# antlerless CC hits?



## hatch000 (Aug 4, 2011)

Anybody getting hit yet on CC for antlerless tags? Should be anytime now right?
Good luck to everyone


----------



## KineKilla (Jan 28, 2011)

-O\\__-


----------



## RoosterKiller (May 27, 2011)

:nono: No,Not yet


----------



## twinkielk15 (Jan 17, 2011)

Like I said on the other post, if we get hit before Monday I'm going to be paying an additional overdraft fee......


----------



## RandomElk16 (Sep 17, 2013)

twinkielk15 said:


> Like I said on the other post, if we get hit before Monday I'm going to be paying an additional overdraft fee......


Not being a d***, but maybe don't put in if you don't have the $50??


----------



## twinkielk15 (Jan 17, 2011)

I'm removing that post. I took that a little harshly and I know nothing was meant by it. Hopefully I deleted it before you even saw it. If not, accept my apologies. I'll just say we had some unexpected problems that have more than drained my accounts and leave it at that.


----------



## itchytriggerfinger (Sep 12, 2007)

We'll?????? Chirp. Chirp. Nothing??????


----------



## RandomElk16 (Sep 17, 2013)

twinkielk15 said:


> I'm removing that post. I took that a little harshly and I know nothing was meant by it. Hopefully I deleted it before you even saw it. If not, accept my apologies. I'll just say we had some unexpected problems that have more than drained my accounts and leave it at that.


I apologize for jumping to any conclusions. Everybody has stuff come up in life. I hope that it is next week so that instead of being a stressful thing, it is a positive thing for you!!

Depending on your bank you could snag $100 or so line of credit for those cloudy days? However I think since it is Friday you are in the clear for the draw...


----------



## RoosterKiller (May 27, 2011)

layball:layball:layball:layball: Nothing yet.


----------



## bloodtrail (Sep 20, 2007)

Not yet


----------



## Nambaster (Nov 15, 2007)

My cc just got hit... Looks like I have netflix....-O,-


----------



## RoosterKiller (May 27, 2011)

4 elk tags for currant creek. Game on!


----------



## stick&string89 (Jun 21, 2012)

3 manti tags for us


----------



## RandomElk16 (Sep 17, 2013)

Deseret here I come!


----------



## High Desert Elk (Aug 21, 2012)

got mine too


----------



## hatch000 (Aug 4, 2011)

I just got a hit. Good to go! Excited


----------



## Blanding_Boy (Nov 21, 2007)

60.00 on 6/28 Utah antlerless


----------



## shortbreath54 (Apr 23, 2009)

Boulder Mtn here I come


----------



## chukarflusher (Jan 20, 2014)

shortbreath54 said:


> Boulder Mtn here I come


Me too two elk and two for antelope did you draw late or early


----------



## HunterDavid (Sep 10, 2007)

$150 hit on the Cabela's Visa last night.
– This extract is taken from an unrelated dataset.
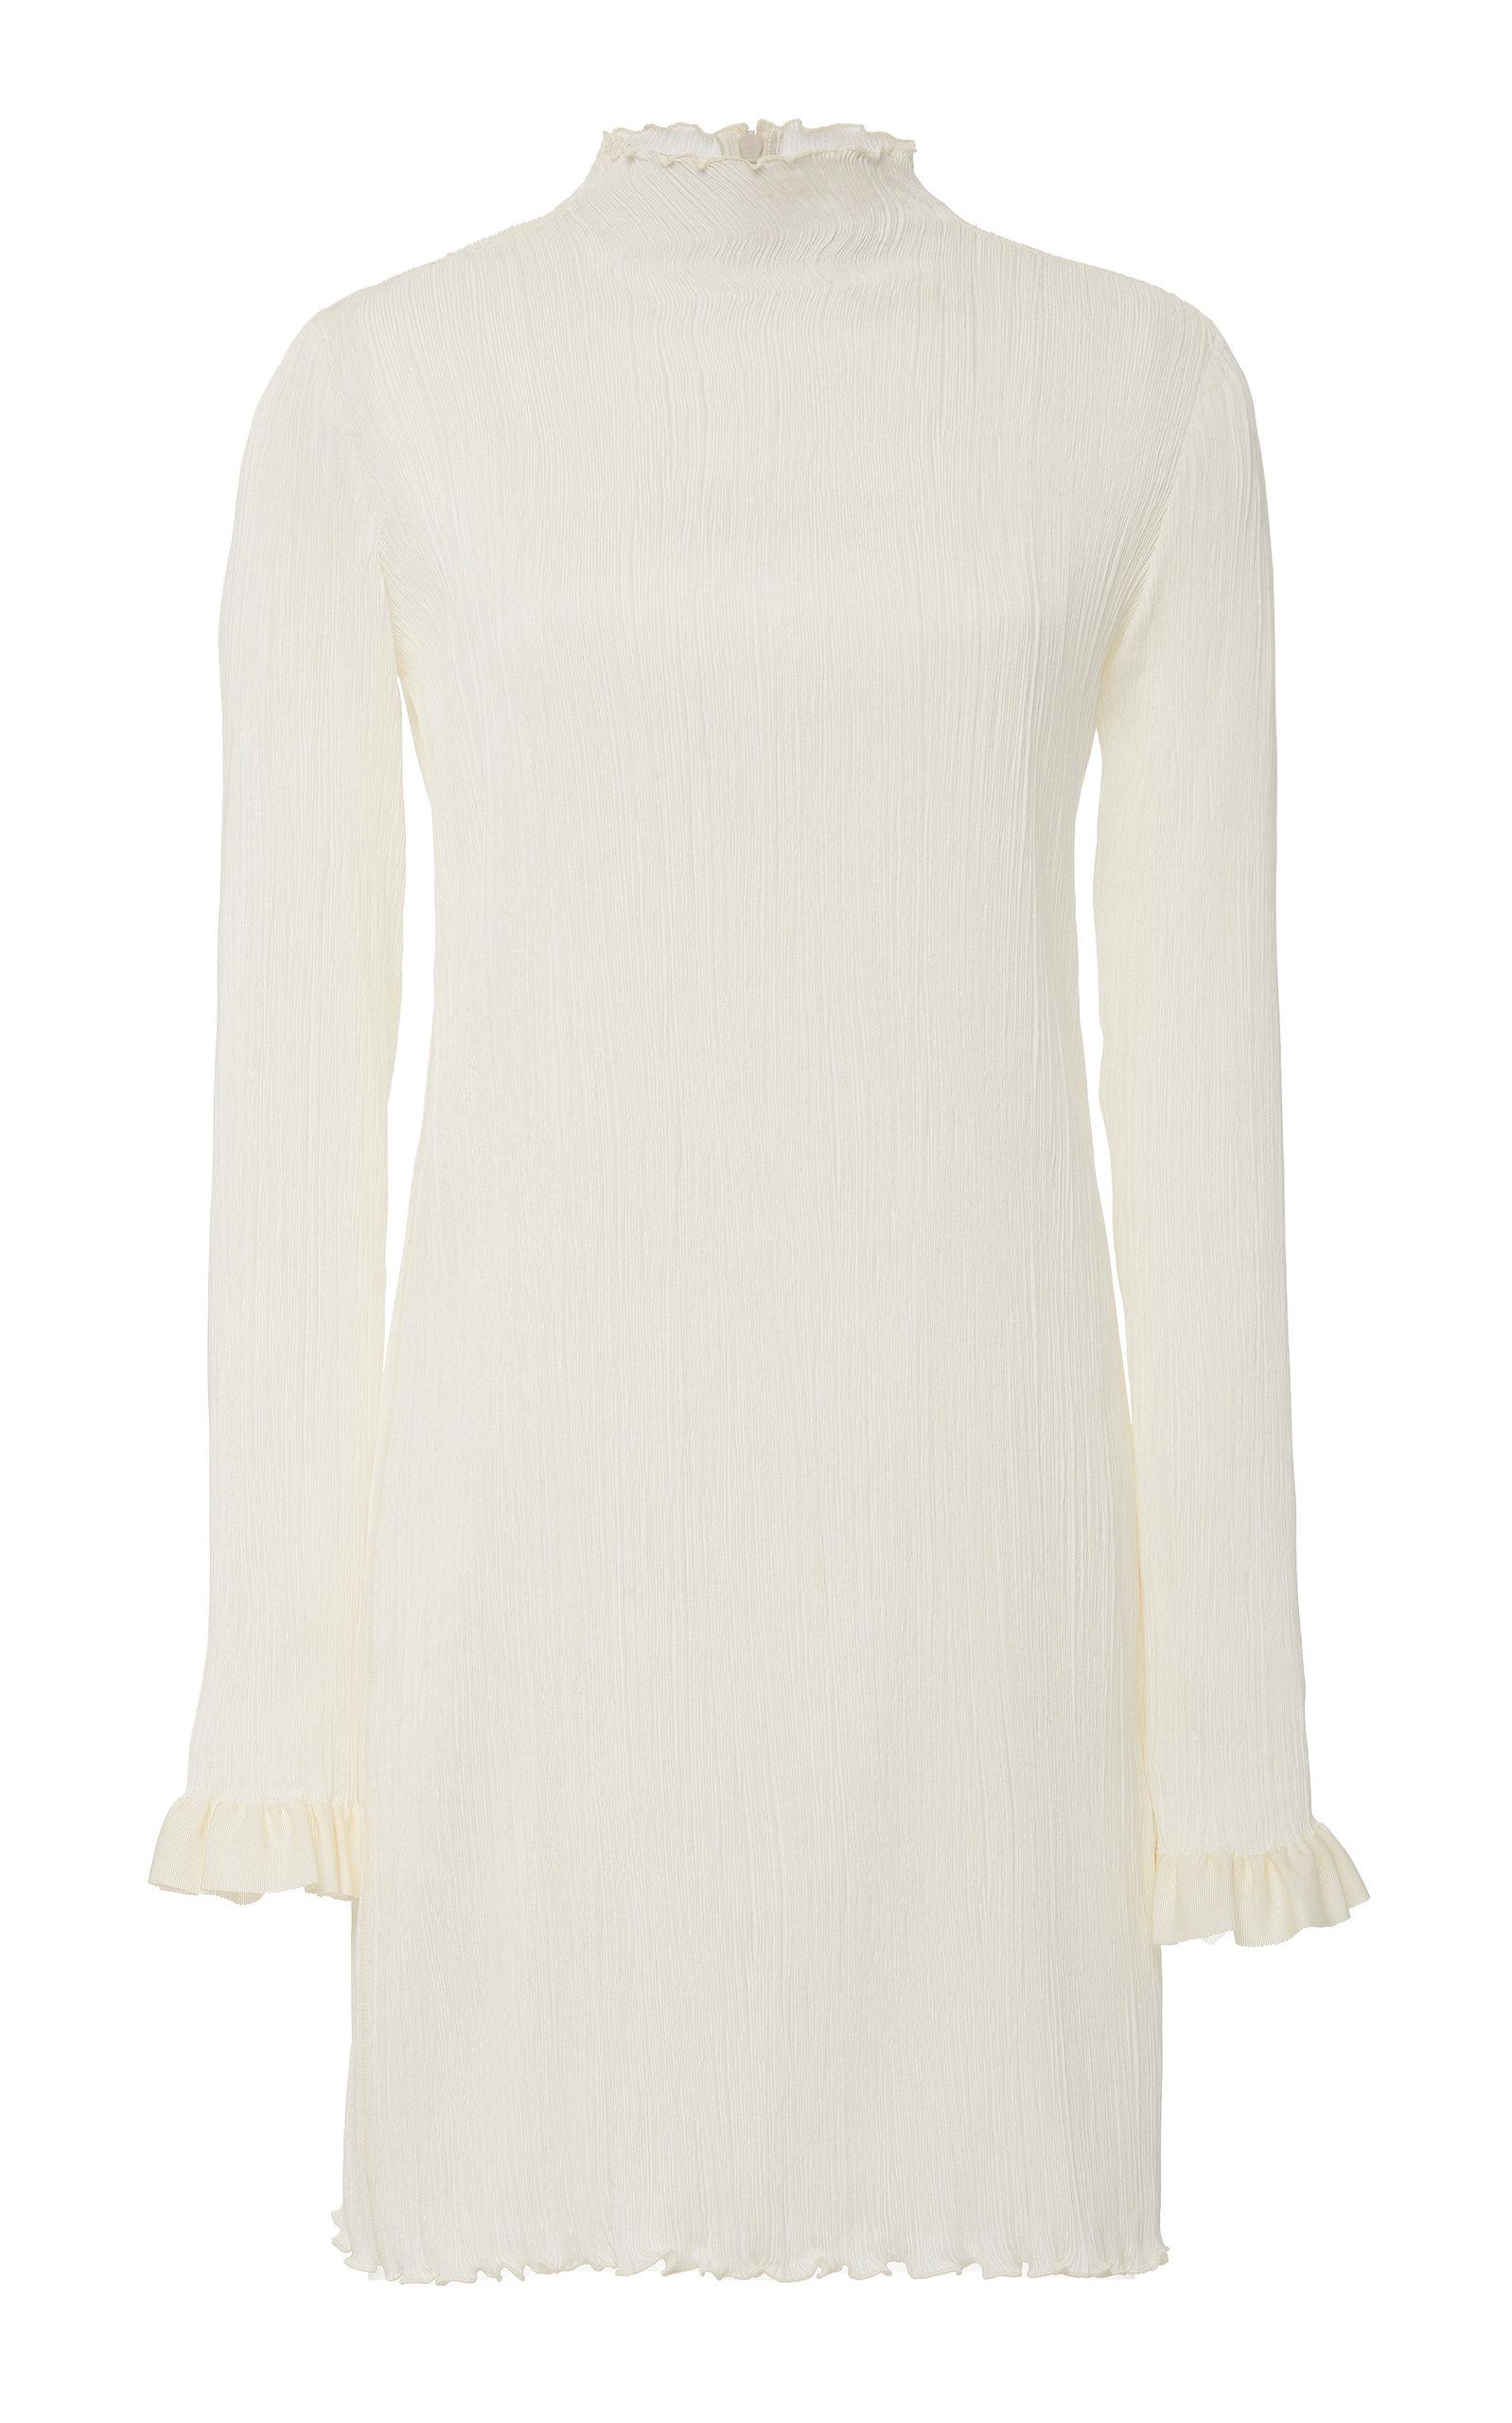 Danielle Frankel Jamie High-neck Silk Mini Dress In White

The boys and I are hunting cow elk this Fall. Not sure where yet, but we are hunting!


----------



## Springville Shooter (Oct 15, 2010)

Congrats to all the lucky tag recipients!-----SS


----------



## JedInUtah (Sep 10, 2007)

Currant creek tag here. So if the bow doesn't produce, I guess I'll resort to the rifle.


----------



## Bo0YaA (Sep 29, 2008)

I'm sure you will all get a kick out of this, looks like my daughter will be hunting DLL.


----------



## itchytriggerfinger (Sep 12, 2007)

Are you going to DIY or pay the guide fee? If you DIY. Do you still need to tip them????


----------



## RandomElk16 (Sep 17, 2013)

itchytriggerfinger said:


> Are you going to DIY or pay the guide fee? If you DIY. Do you still need to tip them????
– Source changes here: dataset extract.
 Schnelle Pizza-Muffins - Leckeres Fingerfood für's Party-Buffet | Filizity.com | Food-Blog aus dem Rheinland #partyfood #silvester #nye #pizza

No you don't. After speaking with them though, either option seems great.


----------



## Bo0YaA (Sep 29, 2008)

itchytriggerfinger said:


> Are you going to DIY or pay the guide fee? If you DIY. Do you still need to tip them????


Considering its for my daughter, I will most likely pay the fee and either complain about it later or admit it was justified. Stay tuned :grin:


----------



## bowhunt3r4l1f3 (Jan 12, 2011)

Manti North for me. There's gonna be a fat cow dropping during the bow hunt!


----------



## Vanilla (Dec 11, 2009)

Bo0YaA said:


> Considering its for my daughter, I will most likely pay the fee and either complain about it later or admit it was justified. Stay tuned :grin:


I suspect that you will complain while saying it was worth it. And that's okay to do in my book!

PS- Just got hit this morning for a Late Currant Creek tag in January. Never hunted that late before. Should be fun! My family has developed a love of elk meat this year, so hopefully I can get it done.


----------



## Bo0YaA (Sep 29, 2008)

TS30 said:


> I suspect that you will complain while saying it was worth it. And that's okay to do in my book!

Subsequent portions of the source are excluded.